Assessment of external variant prediction algorithms
To computationally predict the effects of rare genetic variants on splicing, we used various prediction algorithms that are able to assess coding and/or non-coding SNVs in our assay. For the purpose of method comparison, we selected δinclusion index ≤ −0.50 as the threshold for splice-disrupting variant (SDV) and designate our calls as true positives. To evaluate a more general predictive SNV model on both exonic and intronic single nucleotide variants, we obtained features for the changes in percent-spliced-in (δψ) for the SNV library across the genome from SPANR62 (splicing-based analysis of variants).
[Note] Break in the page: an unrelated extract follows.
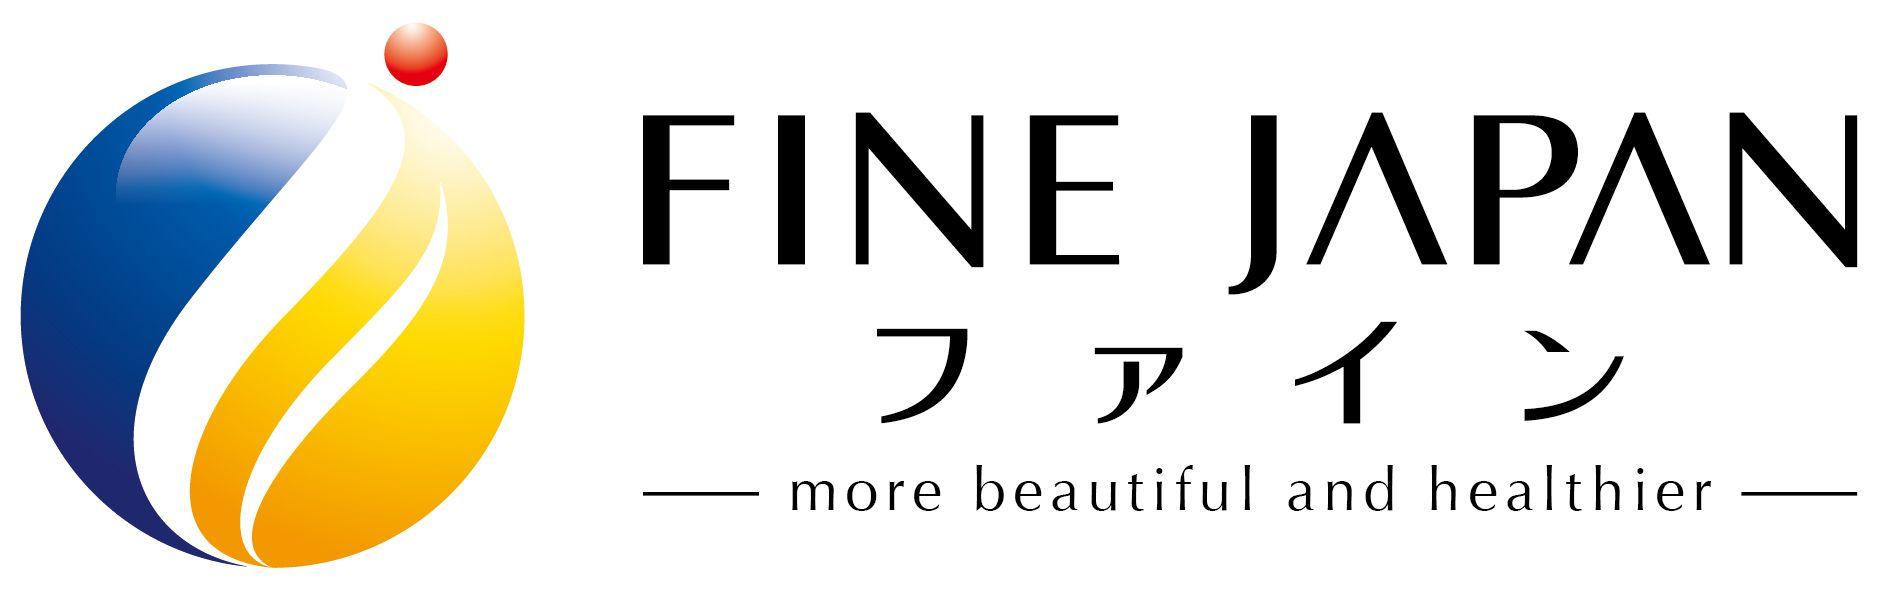 Japan Company Logo - Changed to new logo design | FINE CO., LTD

Performance is assessed by varying the δinclusion index threshold at which a variant is called splice-disrupting.
We obtained features for five genomic predictors based on the hg19 assembly: raw CADD scores from CADD version 1.3 (r0.3 Exome Aggregation Consortium dataset), DANN whole-genome SNV scores (Nov. 2014 version), FATHMM-MKL (Jan. 2015 version), fitCons multi-cell (i6 dataset) highly significant scores (p < ∼0.003), and LINSIGHT (Apr. 2017 version). We assessed performance by varying the score threshold at which a variant is called splice-disrupting (considering whether the score is positively or negatively correlated to δinclusion index). To consider the predictive power of conservation alone, we obtained phyloP 100-way (v1.4) nucleotide conservation for the hg19 genome for the SNV library. In addition, we obtained phastCons63 (v1.4) scores for 100-way eutherian mammalian nucleotide conservation for our SNV library and genome-wide SNVs from the ExAC consortium. To assess the functional effects of missense, exonic single nucleotide variants from the SNV library, we used variant annotations from PolyPhen (version 2.2.2) and SIFT (version 5.2.2).
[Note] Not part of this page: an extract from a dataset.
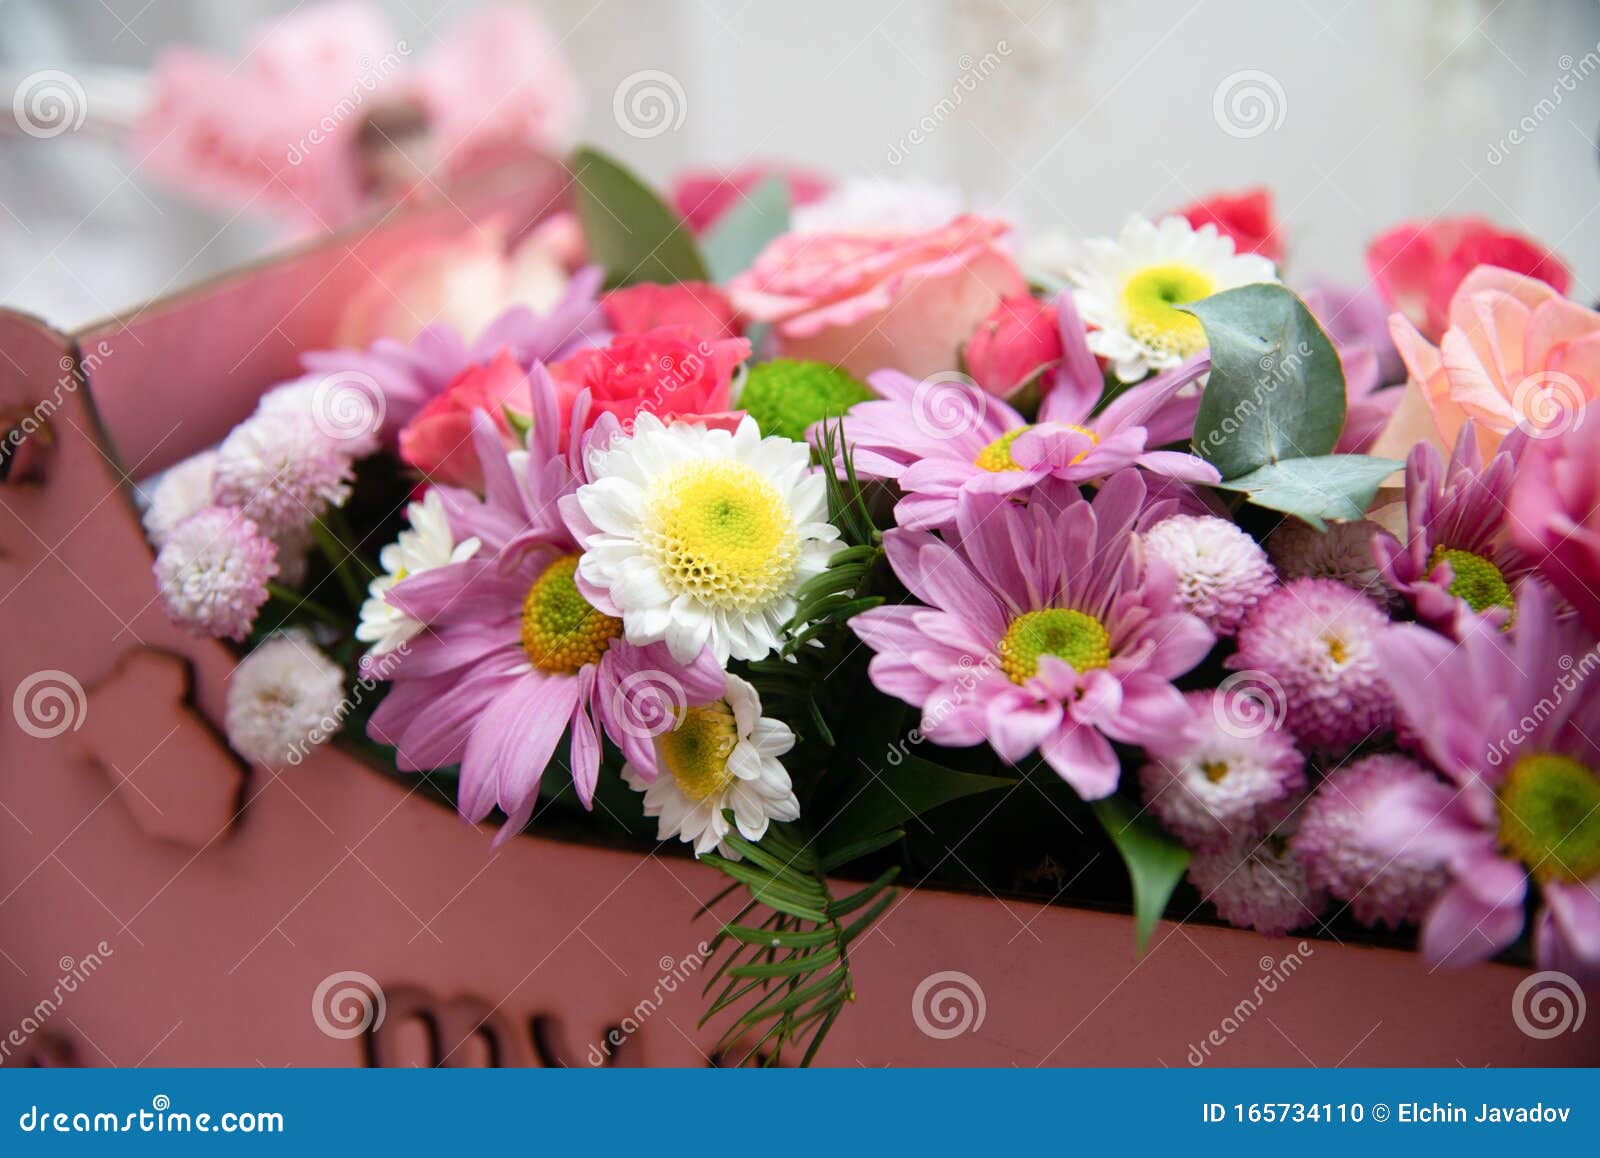 bright flowers bouquet background. beautiful close-up of a flower arrangement

Assessment of deep learning and genomic predictors
We assessed above predictors using receiver operating characteristic and precision-recall analysis. We used the pROC package version 1.10.0 to compute and plot the ROC curves, calculate the 95% confidence interval, and calculate the area under the curve. The precision recall curves were plotted with a custom function which evaluates each method by varying the score threshold at which a sequence is classified as an SDV, and calculating the corresponding precision and recall. The area under the precision recall curve is calculated with the trapz function in R.
Software
bbmerge from the BBMap suite57 (BBtools package version 37) was used to merge raw paired-end sequencing files. Custom python and bash scripts used for read processing, and mapping reference and synthetic error read counts. Further analysis was performed with Python 2.7, using Pandas v0.21.0 and Numpy v1.13.3, and R v3.4.2, using dplyr v0.7.4 and ggplot2 v2.2.1. Variant analyses were performed using Ensembl Variant Effect Predictor (v80), kpLogo (2017), CADD (v1.3), DANN (Nov. 2014 version), FATHMM-MKL (Jan. 2015 version), fitCons (i6 dataset), HAL (git/ca54d11), LINSIGHT (Apr. 2017 version), phastCons (v1.4), phyloP (v1.4), PolyPhen (version 2.2.2) and SIFT (version 5.2.2) and SPANR (git/5bd33c0).
Code availability
All codes needed to reproduce the analyses is included in the following repository: https://github.com/KosuriLab/MFASS
Data availability
Raw sequencing data are available upon publication. Processed data sets are available upon request.
Acknowledgments
This work was supported by the National Institutes of Health (5U01HG007912 & DP2GM114829 to S.K.), the NIH Biomedical Big Data Training Grant (T32CA201160 to C.B.), Searle Scholars Program [to S.K.], Department of Energy (DE-FC02-02ER63421 to S.K.), UCLA, and Linda and Fred Wudl. We thank Ron Weiss for the original landing pad cell line, Felicia Codrea and Jessica Scholes (UCLA BSCRC flow cytometry core), and the BSCRC high throughput sequencing core for technical assistance. We thank X. Grace Xiao, Douglas Black, and George Church for guidance while developing MFASS.
Footnotes
↵† The authors wish it to be known that, in their opinion, the first two authors should be regarded as joint First Authors.